2. mtDNA analysis: 1CPEO and KSS are missing mtDNA fragments, which may occur in the egg or embryo formation stage; 280% of MELAS patients are mtDNA, tRNA gene 3243 point mutation; MERRF syndrome is t84 gene locus 8344 point mutation.
3. Muscle frozen section: Gomori staining biopsy revealed mitochondrial accumulation in muscle cells, increased RRF and glycogen.
4. CT or MRI examination: mitochondrial encephalopathy patients with leukoencephalopathy, basal calcification, brain softening, brain atrophy and ventricular enlargement.
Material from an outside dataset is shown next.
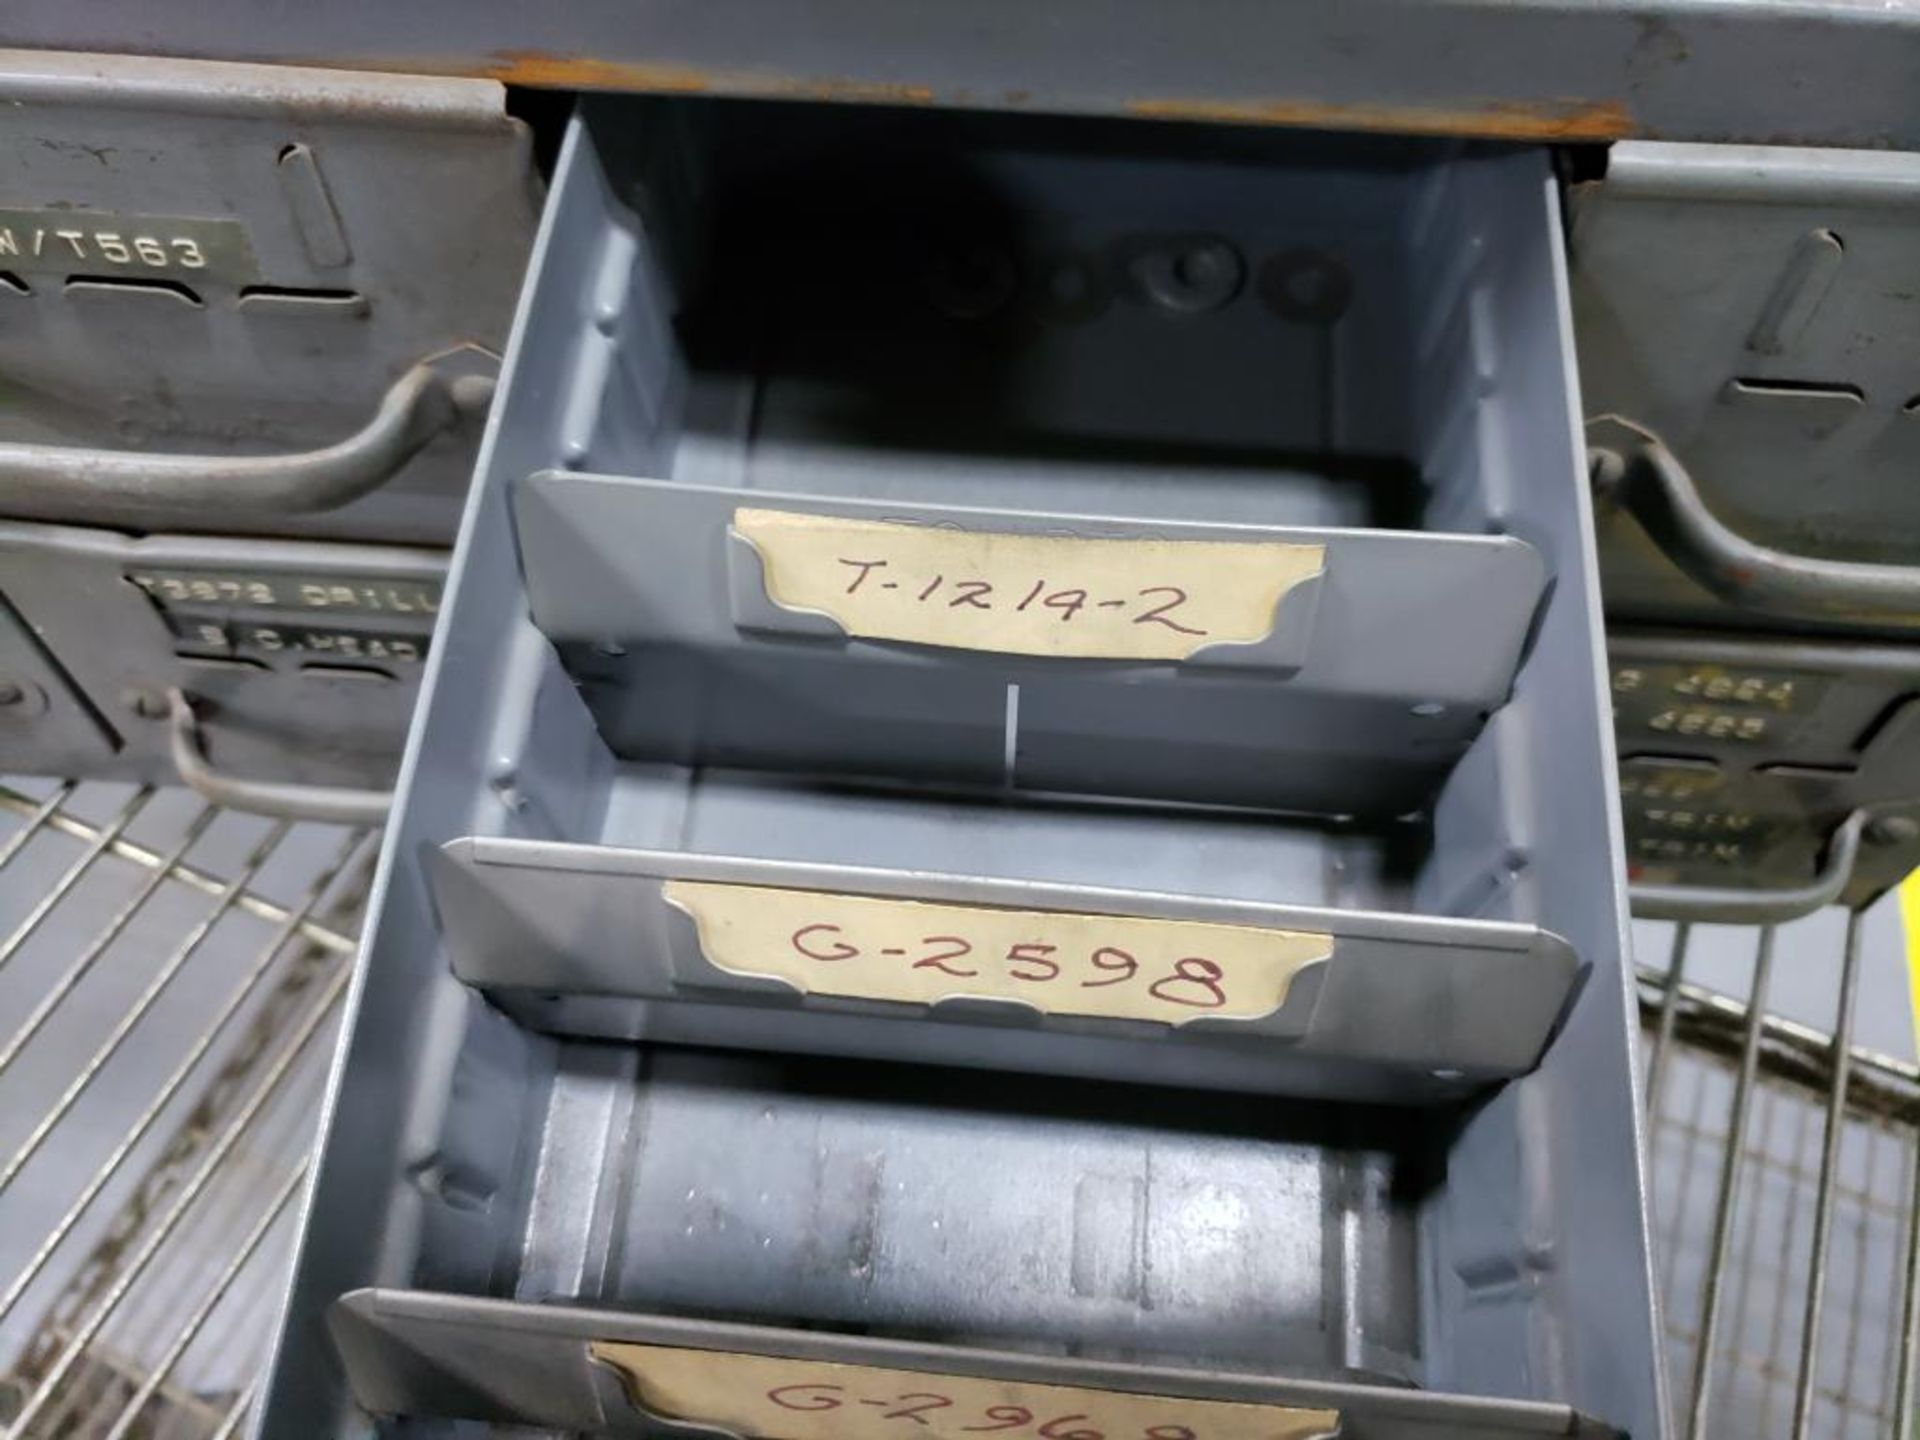 Qty 3 - Small parts storage drawers. - Image 6 of 20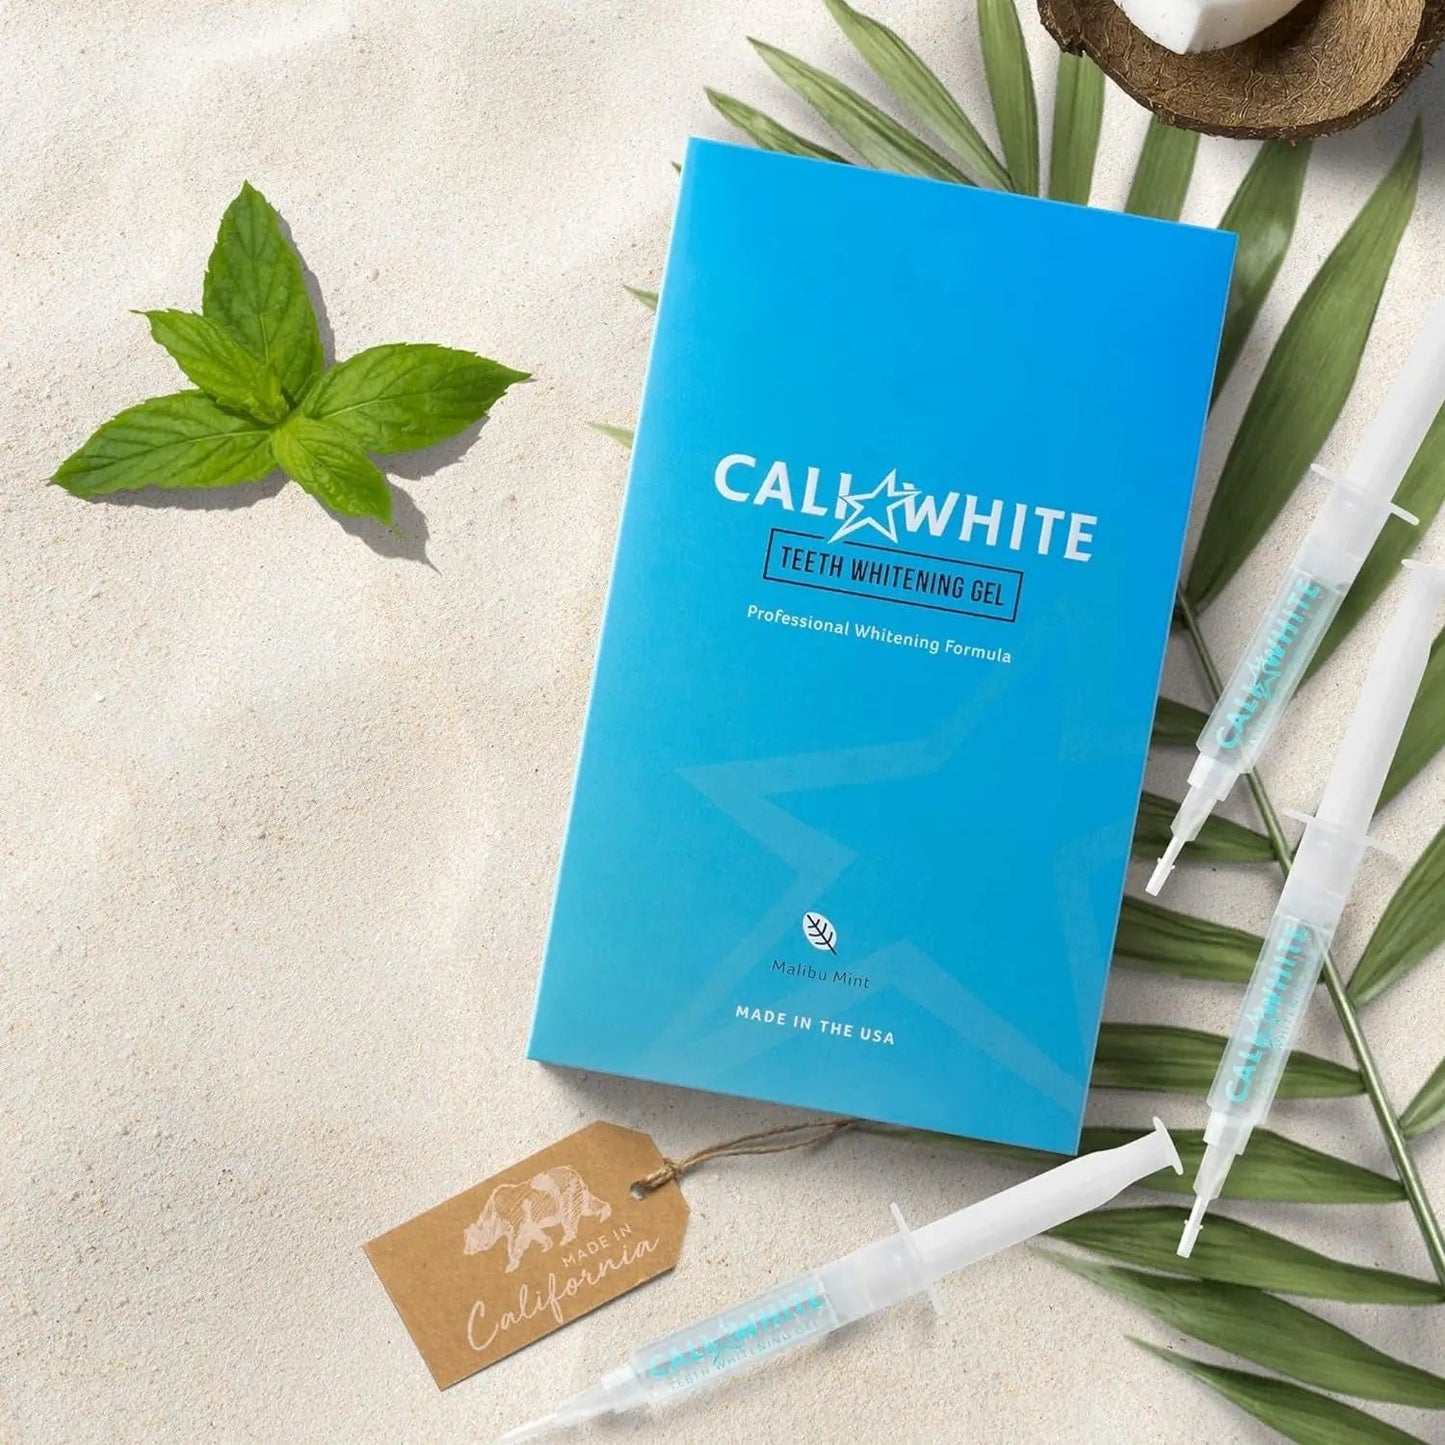 Cali White Teeth Whitening Kit Gel Refills, 35% Carbamide Peroxide, Natural, Vegan, Organic Whitener for Sensitive Tooth Bleach, Gels Made in USA, 3X 5Ml Syringes, Use with UV or LED Light & Trays

5. Electromyography: can be expressed as myogenic damage or neurogenic damage.
Diagnosis
Diagnosis and diagnosis of mitochondrial disease
diagnosis
The diagnosis of mitochondrial myopathy relies on typical clinical symptoms: the proximal extremities are extremely intolerant of fatigue, short stature, and neurological deafness, with clinical features of each subtype; serum lactate, pyruvate and muscle biopsy find RRF, As a result of mtDNA deletion or point mutation, mitochondrial myopathy patients with leukoencephalopathy, basal calcification, brain softening, brain atrophy and ventricular enlargement can be seen by CT or MRI.
Differential diagnosis
However, it should be noted that inflammatory myopathy and other myopathy may be associated with the accumulation of mitochondria and glycogen, and to prevent excessive diagnosis of mitochondrial myopathy.
Mitochondrial myopathy needs to be differentiated from polymyositis, myasthenia gravis, periodic paralysis and progressive dystrophy of the eye and pharynx.